- **EXERCISE GOAL**:
Please set down the data again exactly, minus the pictures.

- **GIVEN INFORMATION**:
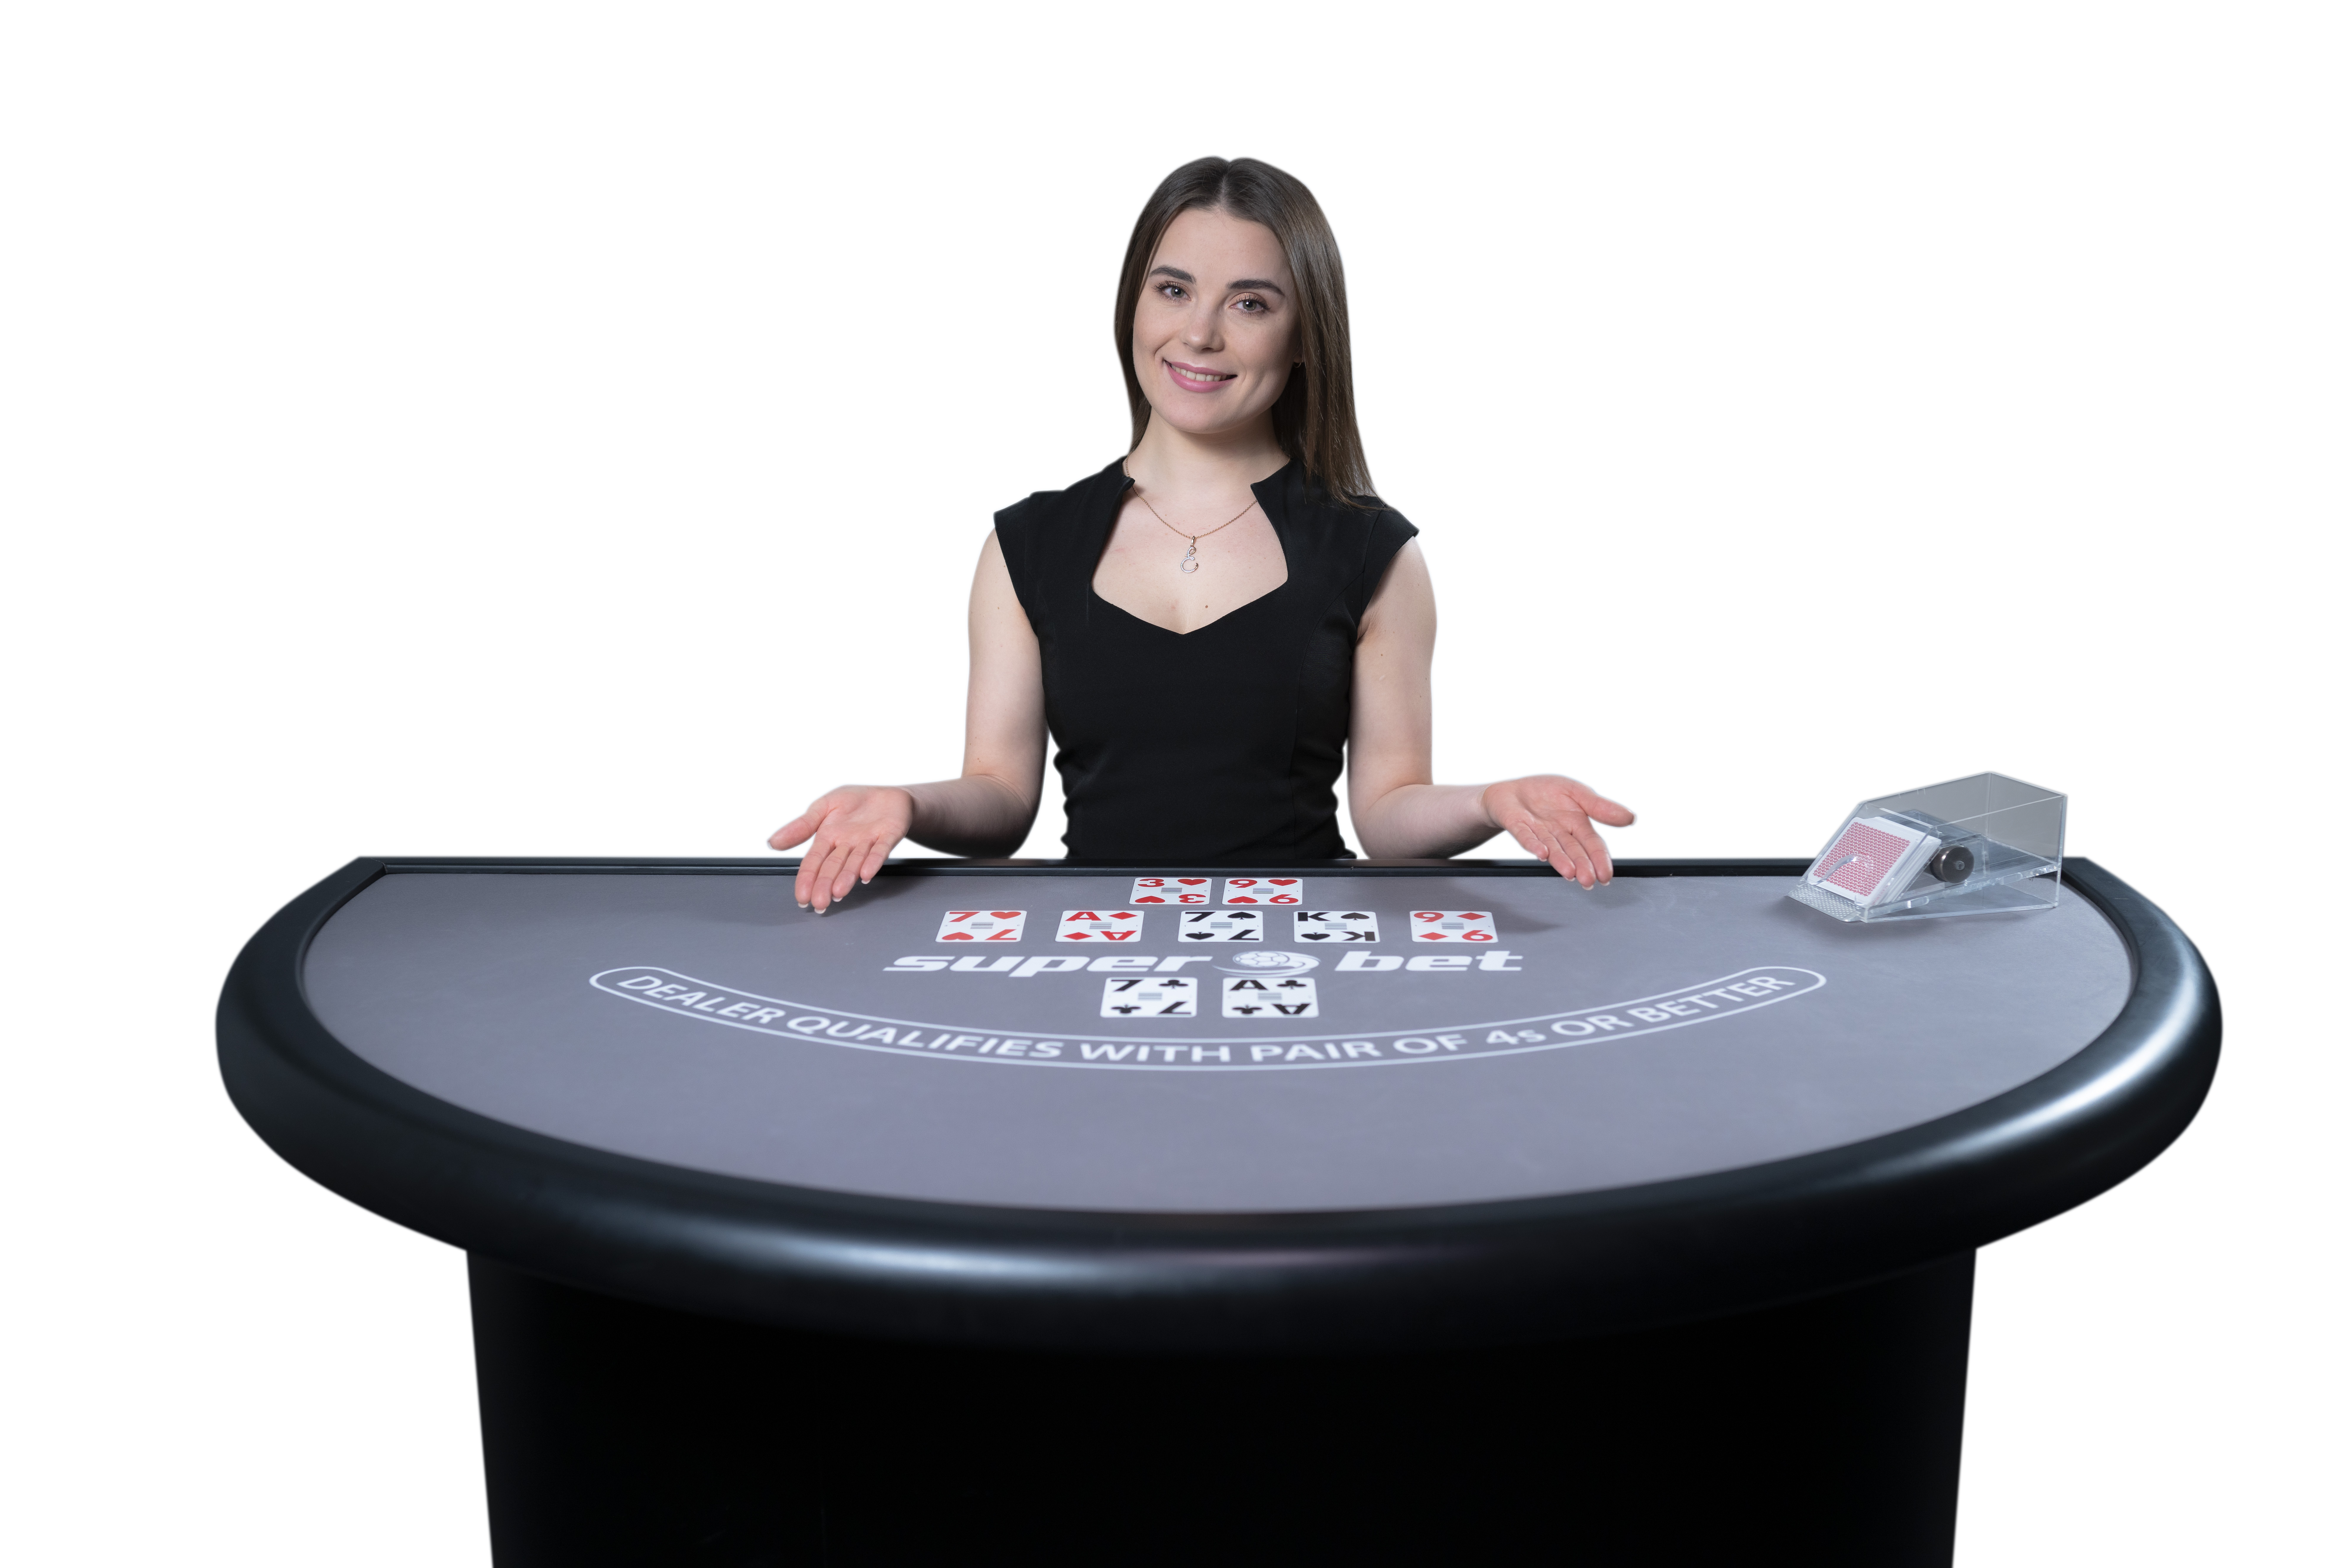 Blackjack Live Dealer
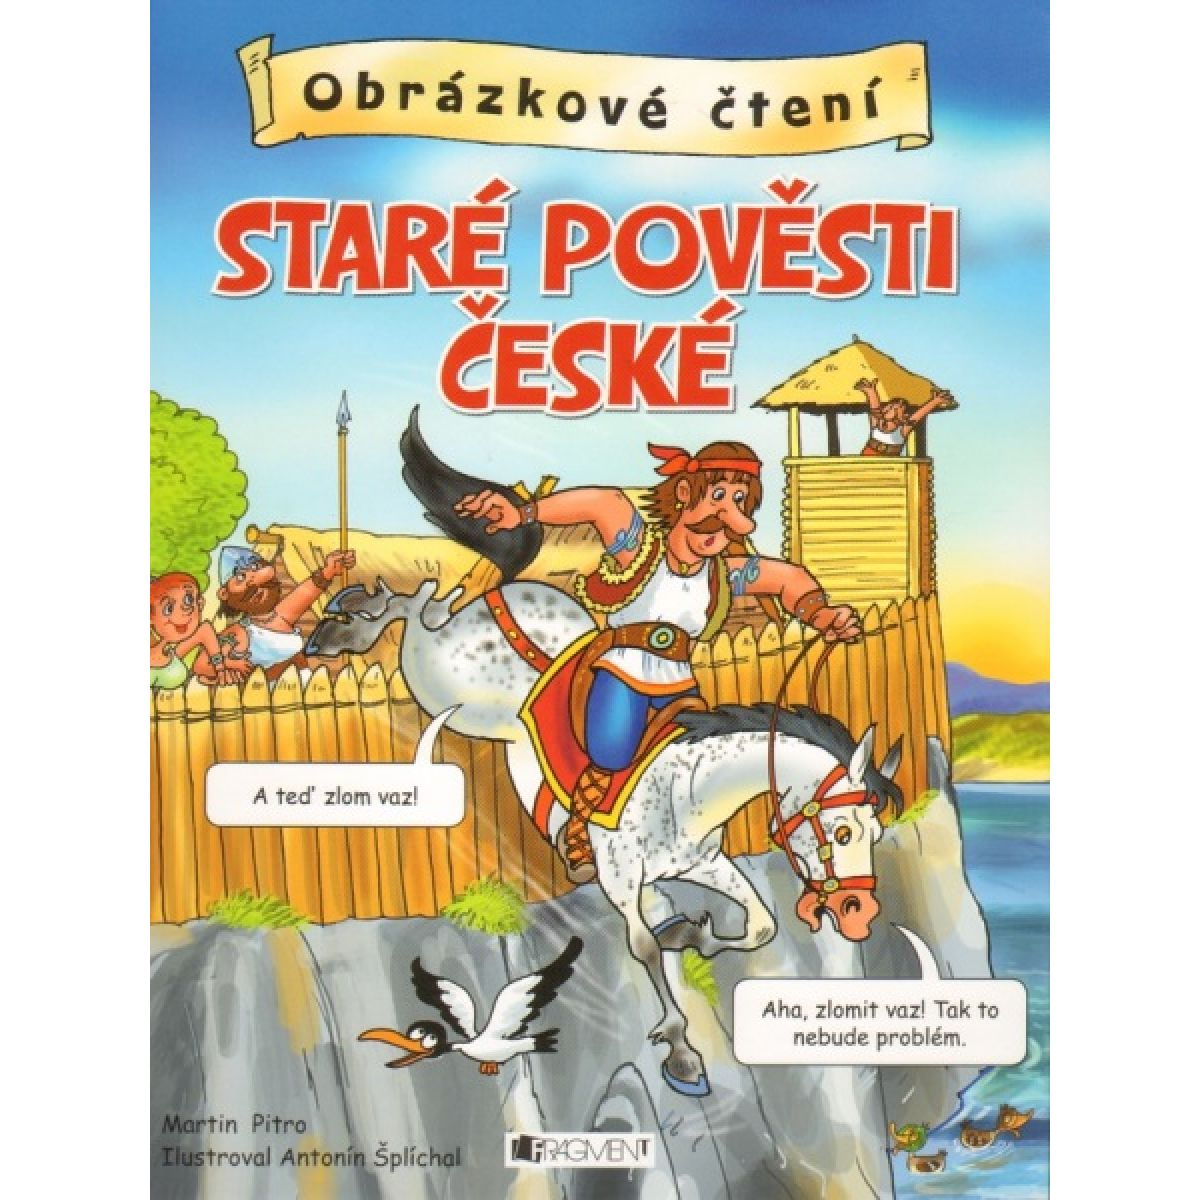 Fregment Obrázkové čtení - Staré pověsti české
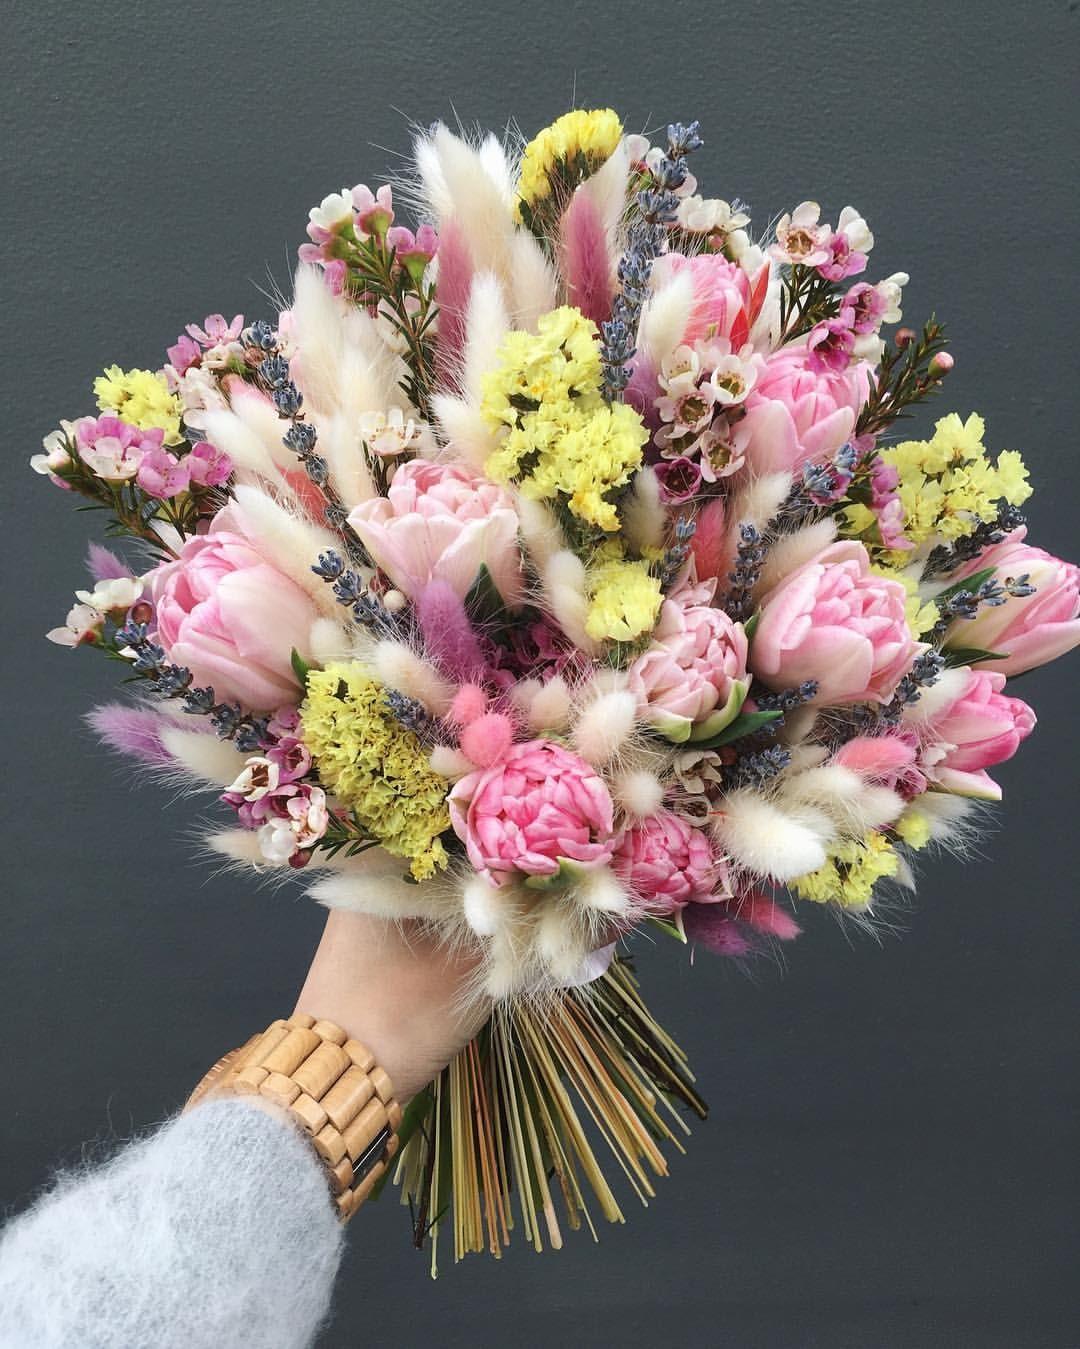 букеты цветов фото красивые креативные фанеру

- **ANSWER FOR THIS EXERCISE**:
 Blackjack Live Dealer
 Fregment Obrázkové čtení - Staré pověsti české
 букеты цветов фото красивые креативные фанеру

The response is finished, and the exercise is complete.